How’s everyone doing out there? There is just so much going on right now. It’s a lot, and it’s been happening in steady succession, for a few years now. I just read this long thread on Twitter that started out with a shaming line of how disgusted the writer was with the idea that people are spending so much time on the Academy Awards fiasco, when there is so much pain happening in Ukraine and in other parts of the world. Some people gave the writer a big “Amen!” and some people reminded the writer that sometimes we need silly distractions from all the nightmares happening around us, which we cannot control. And do you know what? “Some people” were right.
Whatever you need to do right now that helps you to process your own living experience is okay. Just don’t assume that what works for you, is the right answer for someone else. If someone asks for our help and for our guidance, we can share what has helped us with our own experiences, and what has given us strength and hope during tough times. But we must also understand that we all have unique personalities and perspectives and coping mechanisms. This isn’t a “one size fits all” and when we try to make things a “one size fits all”, that’s usually when more trouble starts. This is when we get defensive with each other, and division ends up pulling us even further away from each other, with intolerance for others’ points of view and ways of going about living our own individual lives. In times of strife, we try to control everything outside of us, and that includes other people. It makes us feel better to feel like we are in control. But do you like the feeling of being controlled? No one does. A long time ago, a friend shared the Circle of Control, with our group of friends. It is a good one to go to often, as a reminder of the only things that we have total control over, and that is shown in the little green center. The rest of the chart we have a little influence over, and in the widest circle, we literally have no control. If we stick to focusing on what is in the green for ourselves, we will feel more “in control” and calm and peaceful, than when we try to control everything.

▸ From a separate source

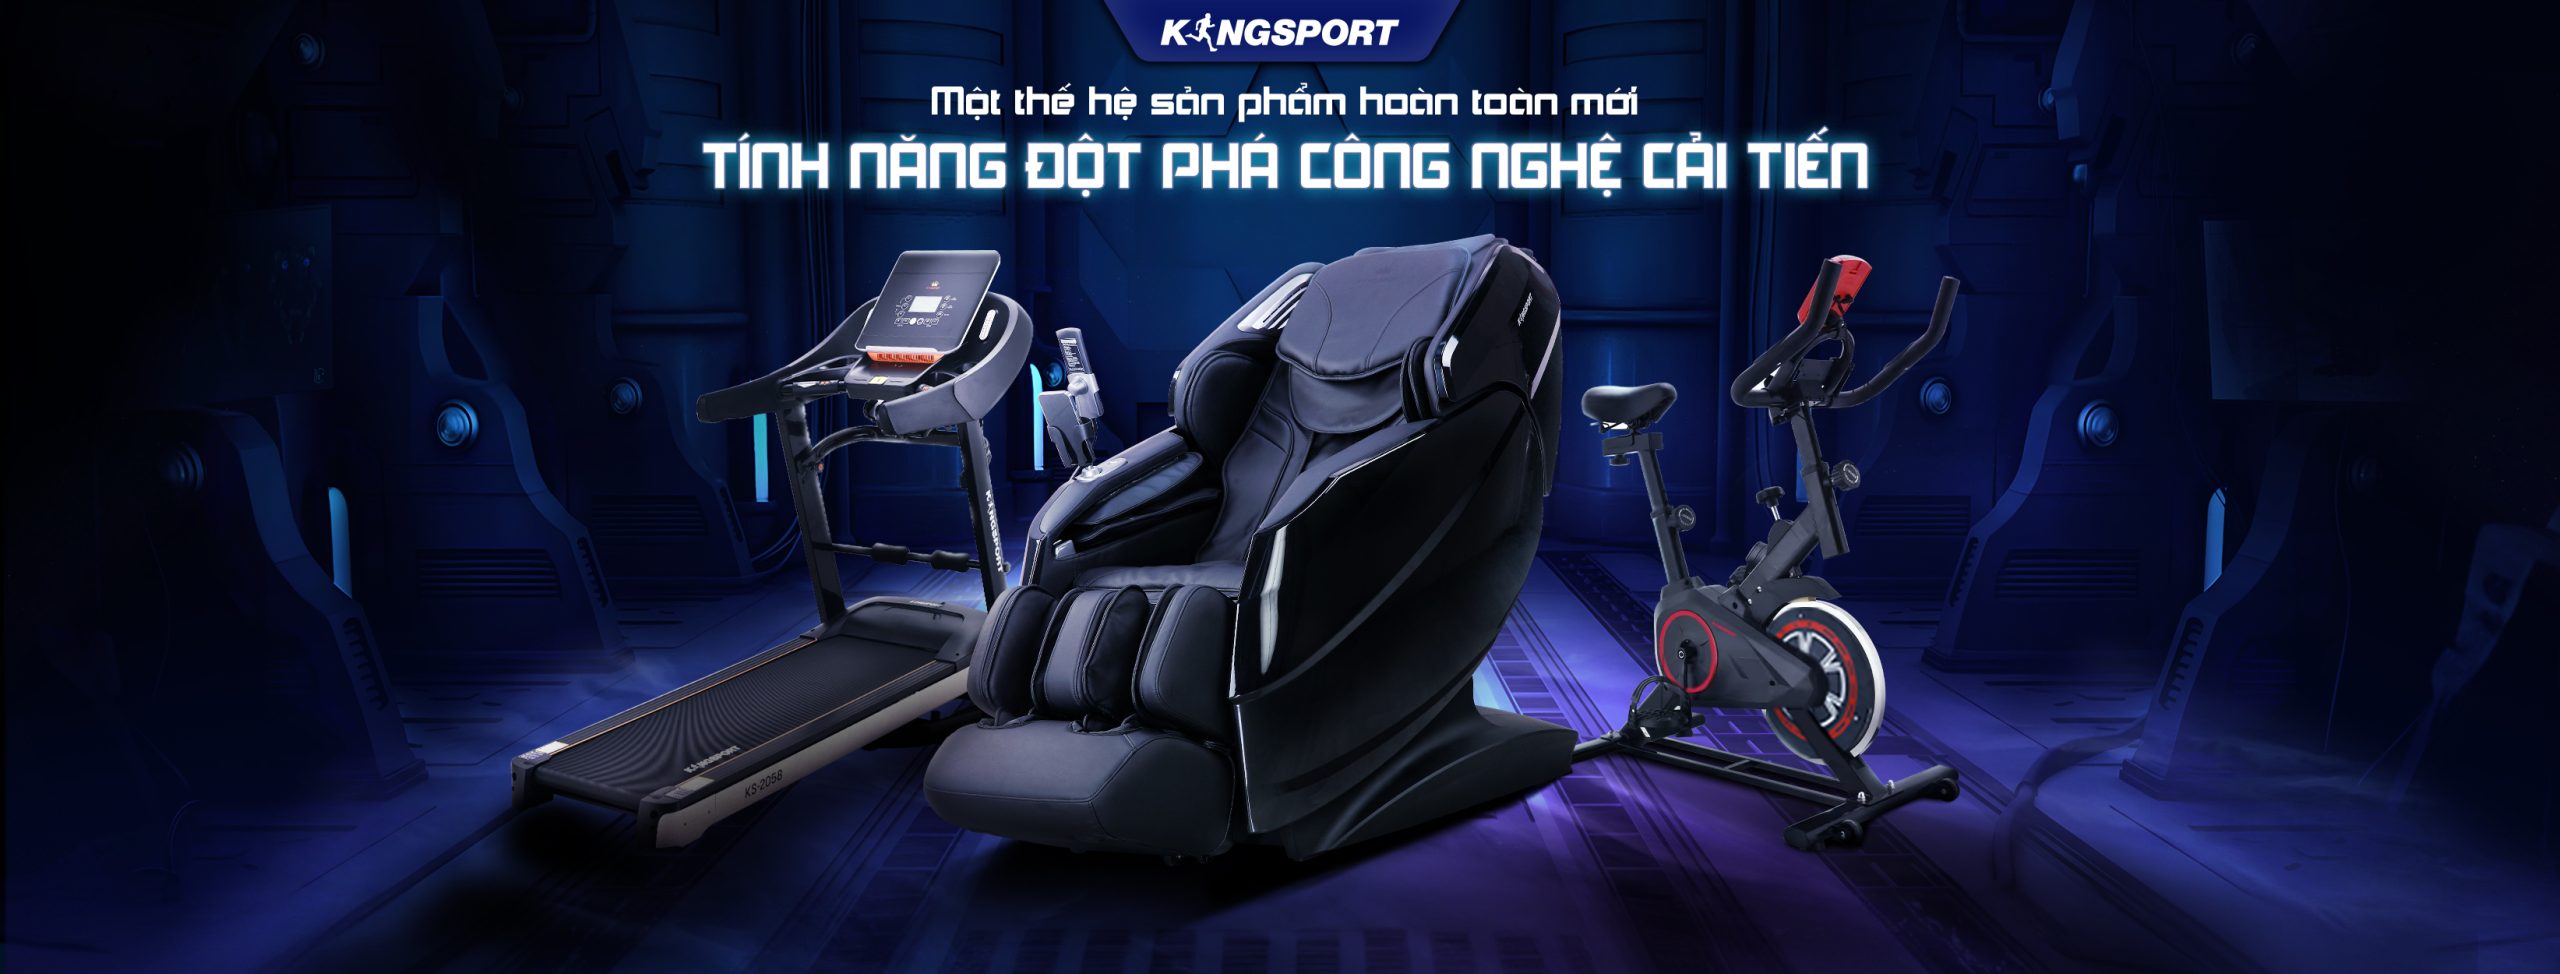 Kingsport - Nơi mua ghế massage Hà Nội uy tín

I think Groucho Marx said it best, “Man does not control his own fate. The women in his life do that for him.” (kidding)
Have a great day, friends!! Stay in the green.

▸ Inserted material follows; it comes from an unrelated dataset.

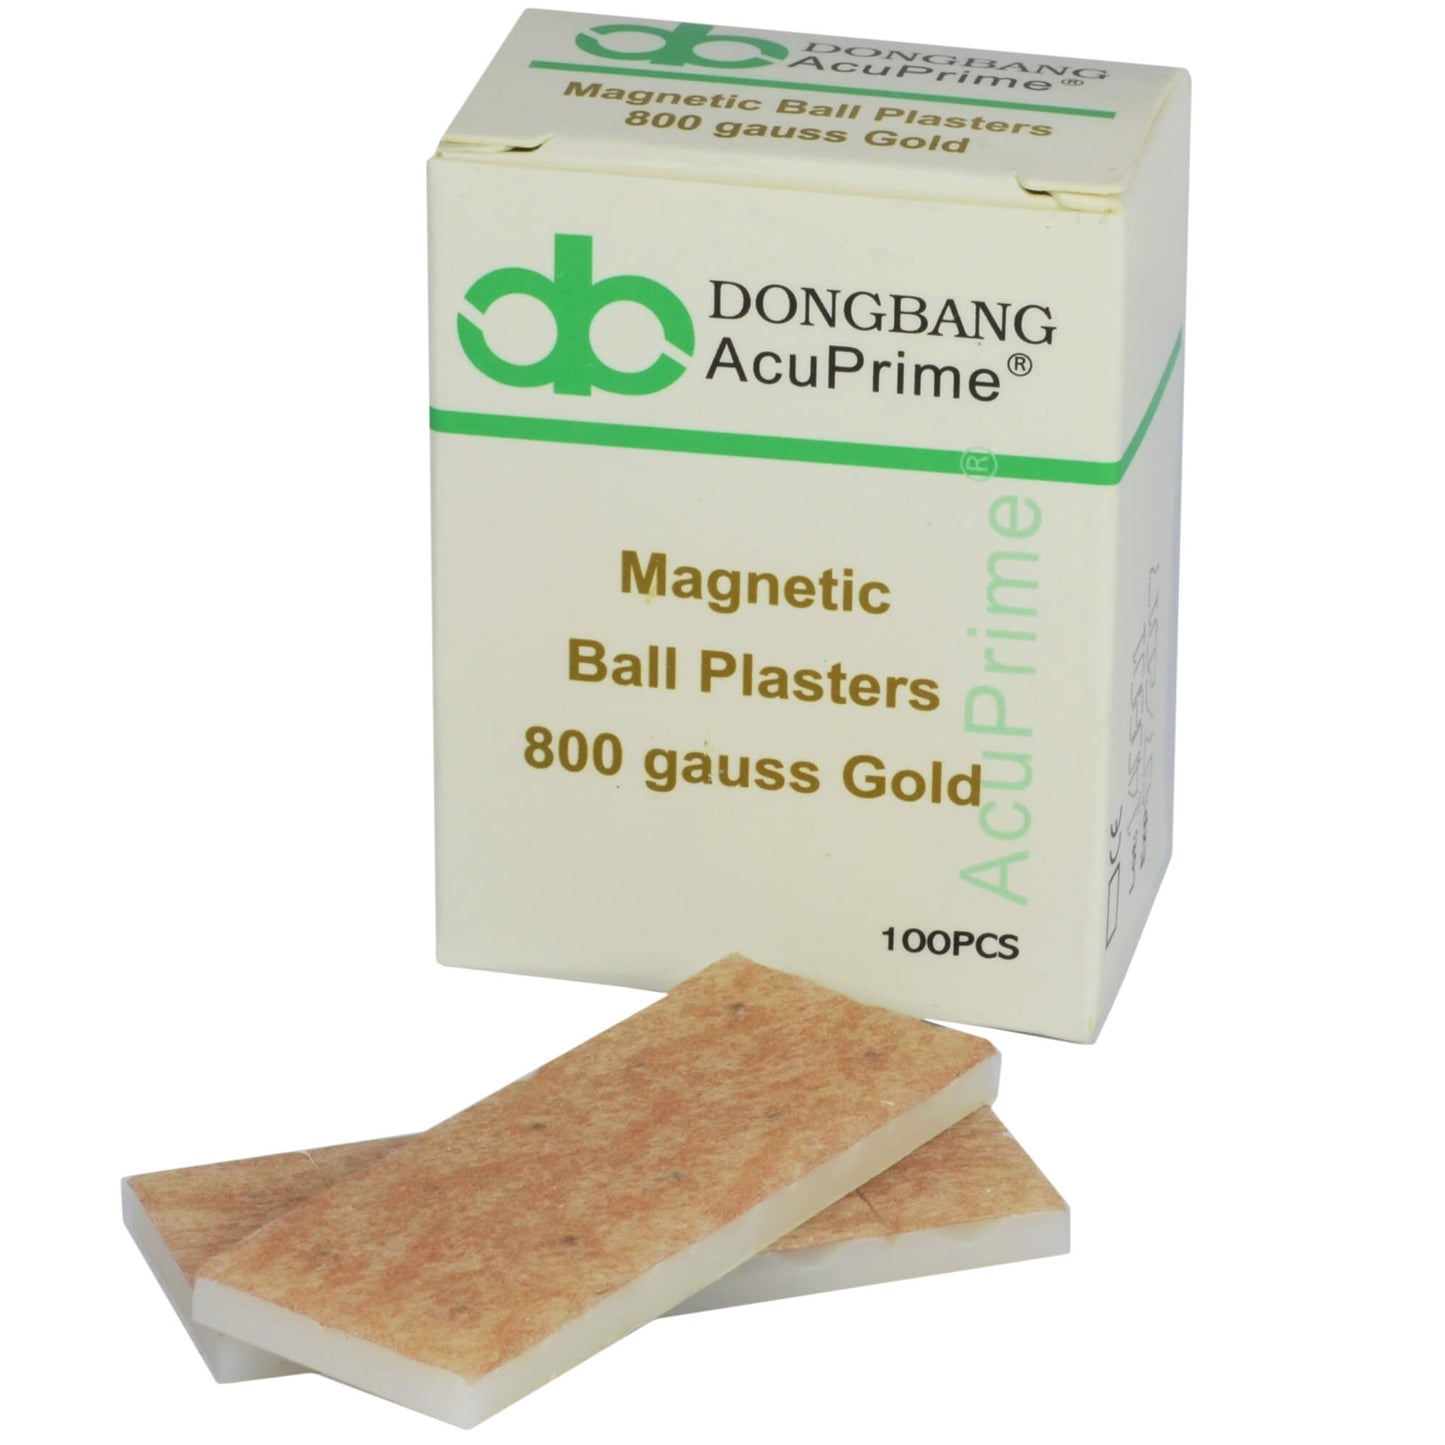 Magneetballetjes DongBang DBA425, gouden, 800 gauss

Are you passing on love or are you passing on pain? Heal your pain and pass on love.
Good morning, Kelly. I’ve never heard of the Circle of Control (I know, I can’t believe it either). But I’ve just printed out a “worksheet.” So many applications for this idea! And I agree with you about “the slap heard ’round the world.” It’s diverting. Is it as important as Covid-19 or Ukraine? On the surface, absolutely not. But it made me realize that we all need to see people demonstrate control of their tempers and work to make peace. And we need to see that control and that peace demonstrated by high-profile people–and people like us. Will Smith might have been someone’s hero. Now what message is that person hearing/seeing/learning? Thank you for another thought-provoking post.
And thank you for your excellent insights, Gail! I really appreciate your constant support.